BLORA — Satuan Kerja Khusus Pelaksana Kegiatan Usaha Hulu Minyak dan Gas Bumi (SKK Migas) mendorong optimalisasi produksi Kilang Cepu guna memperkuat ketahanan energi nasional di tengah dinamika global melalui pasokan minyak mentah dari sumur masyarakat di Jawa Tengah.

Djoko SiswantoKepala SKK Migas, Djoko Siswanto, menyampaikan pihaknya bersama tim lintas instansi telah mengunjungi langsung Kilang Cepu milik Kementerian Energi dan Sumber Daya Mineral (KESDM) yang telah beroperasi sejak 1896.

“kami bersama Tim Satgas Pak Rudi Gajah, Pak Nanang, Pak Ariana, Pak Ibnu, GM PEPC, Koperasi, Kades, Penambang dan seluruh tim Ditjen Migas KESDM & Tim SKK Migas serta Kapus BPSDM berserta jajaran telah mengunjungi langsung kilang Cepu milik KESDM yg di bangun sejak jaman Belanda yaitu thn 1896, yang konon ceritanya pernah mengolah crude oil sampai 15.000 barel per hari (BPH), saat ini masih beroperasi mengolah minyak mentah 2.000 bopd menjadi BBM,” ujar Djoko kepada Dunia Energi, Jumat (27/3).
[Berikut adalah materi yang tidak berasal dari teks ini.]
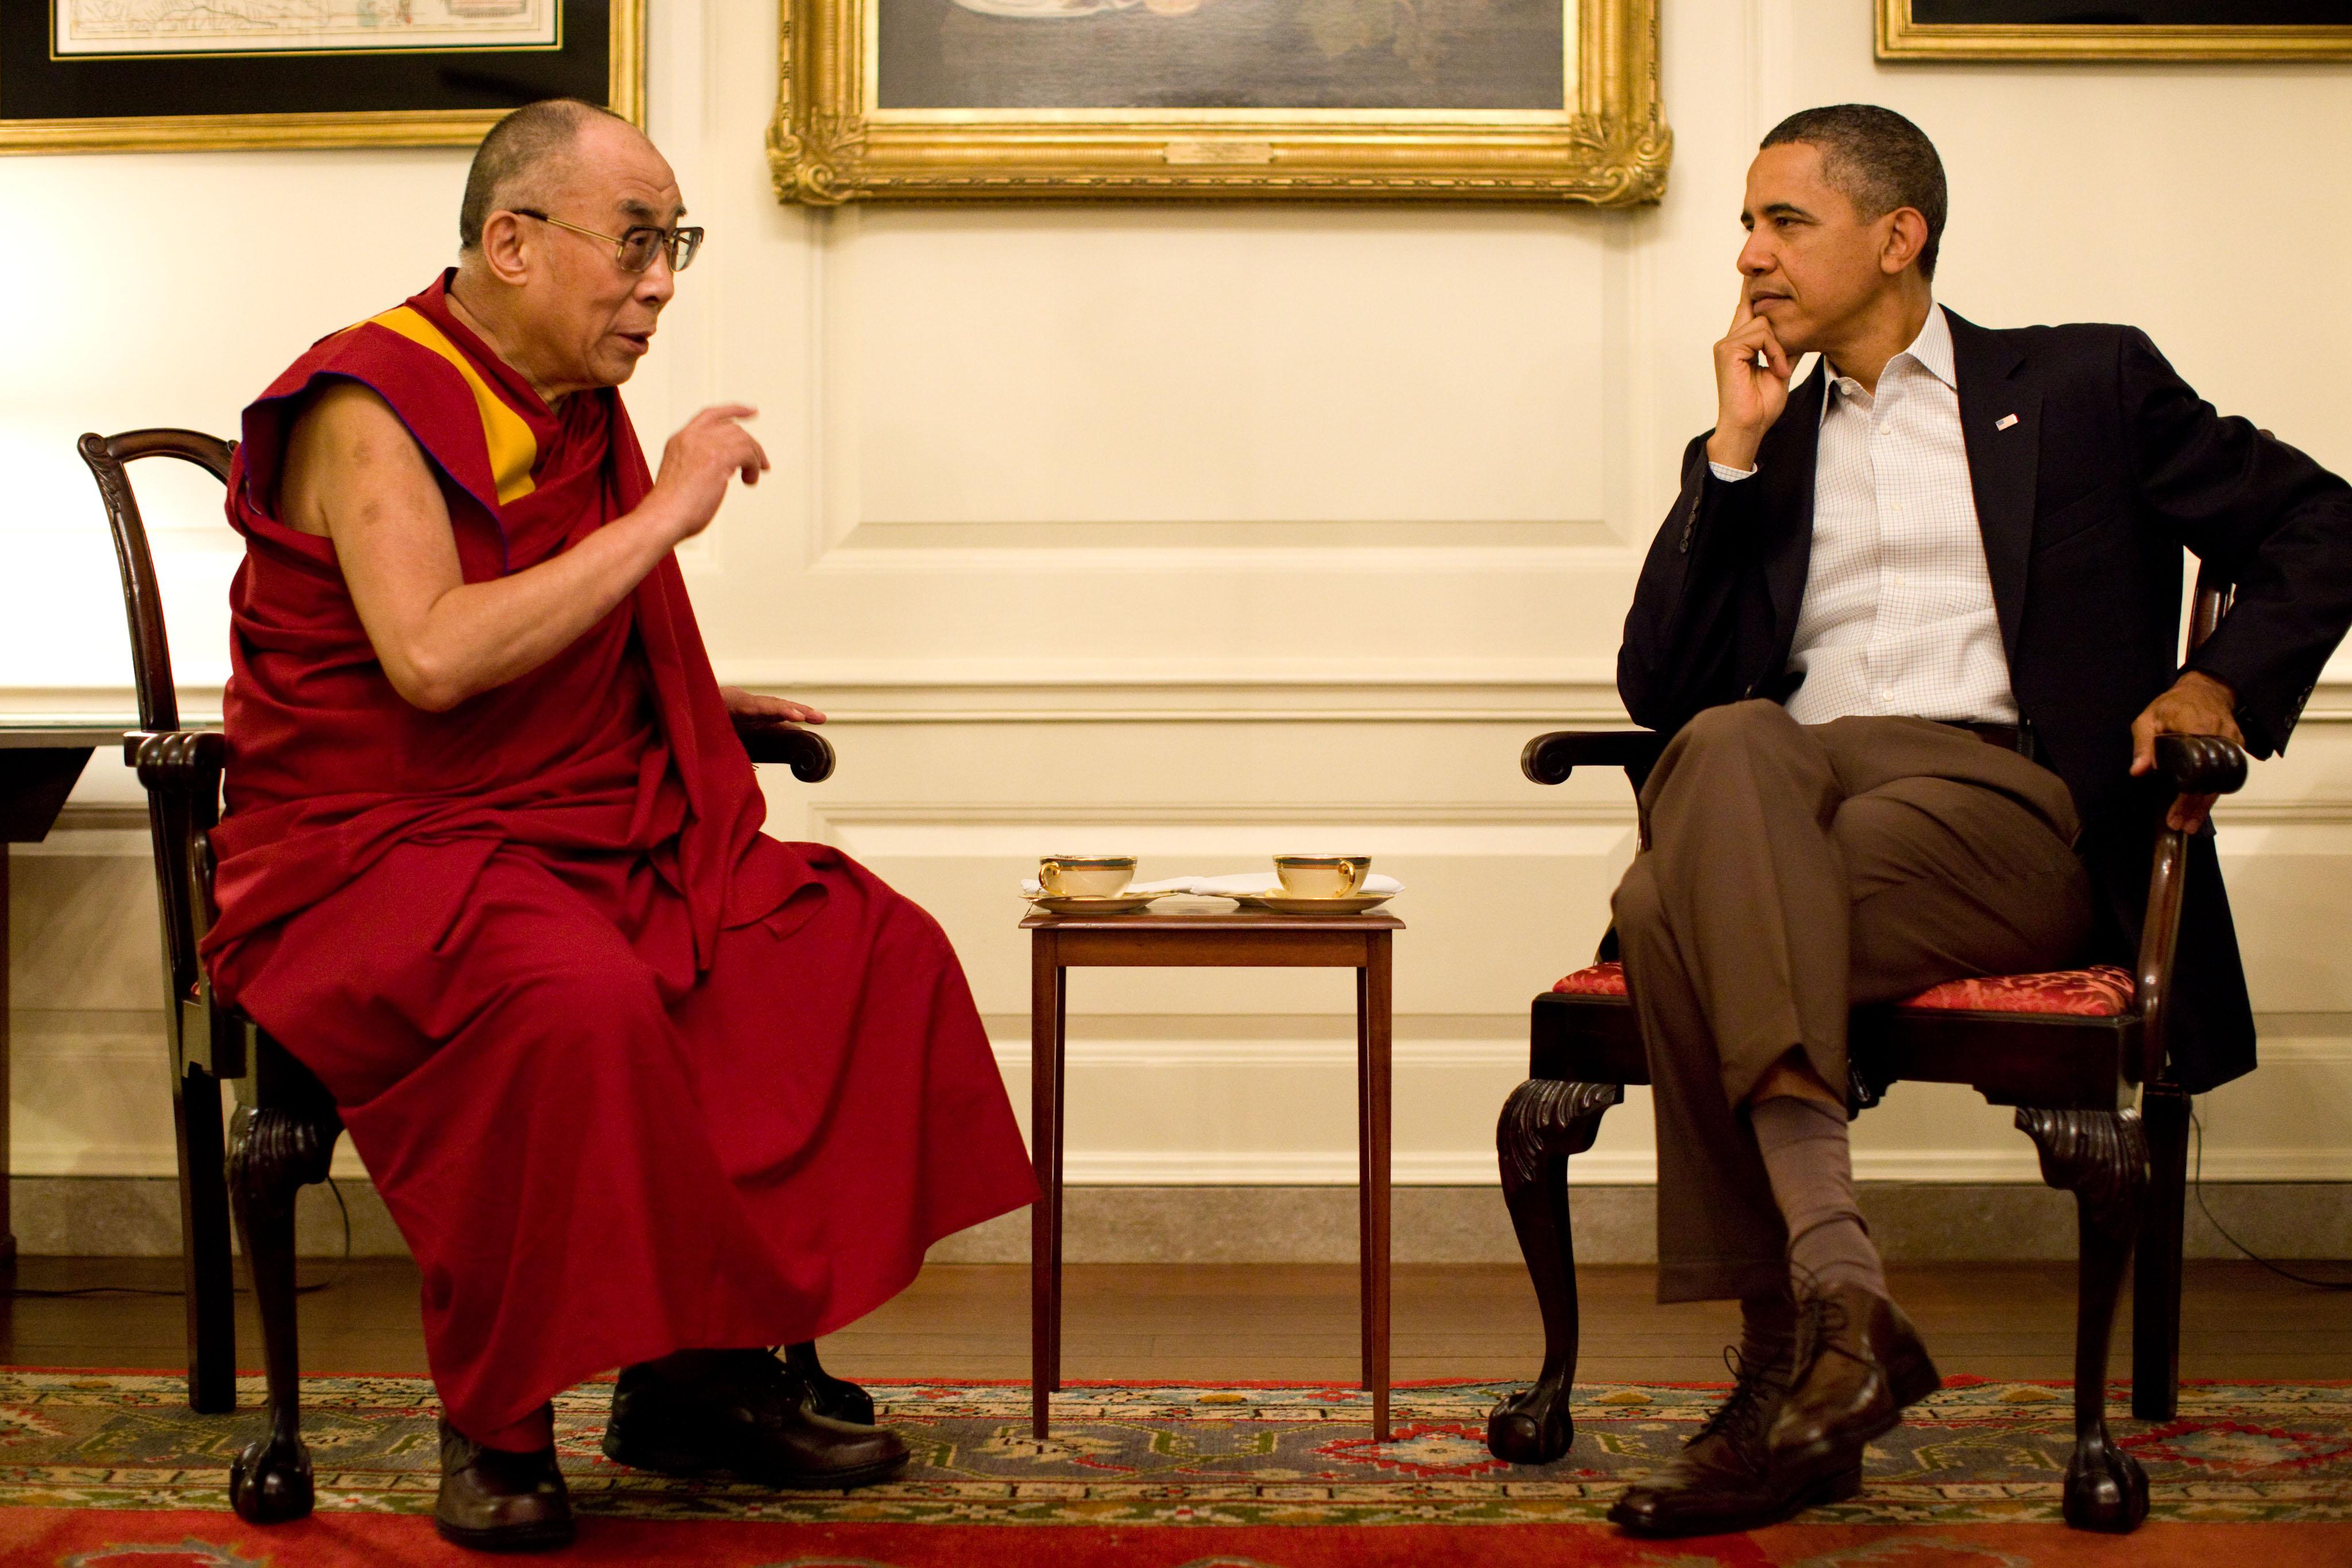 Der Dalai Lama mit US-Präsident Barack Obama im Weißen Haus. (Quelle: Wikimedia Commons, gemeinfrei)

Lebih lanjut, ia menjelaskan nantinya direncanakan bakal ada peningkatan kapasitas pengolahan melalui tambahan pasokan minyak mentah yang berasal dari sumur masyarakat.

“Kepala BPSDM telah bersurat untuk meminta tambahan pasokan minyak mentah ( Crude Oil) agar bisa mengolah secara optimum sampai dengan 3.800 bph menjadi BBM,” lanjutnya.

Menurut Djoko, optimalisasi Kilang Cepu menjadi langkah strategis di tengah situasi global saat ini. “Ditengah gejolak global saat ini , sangat tepat kilang ini produksinya dioptimalkan meskipun sudah berusia sangat tua sekali, untuk mengolah minyak mentah menjadi BBM,” katanya.

Ia menambahkan bahwa tambahan pasokan minyak mentah dinilai tersedia, terutama dari sumur masyarakat di Jawa Tengah.

“Tambahan minyak mentah yg diminta BPSDM sangat tersedia khususnya yang berasal dari sumur masyarakat dari Jawa Tengah khususnya Kabupaten Blora dan Kendal yang dapat berproduksi sekitar 2000 bph,” ujarnya.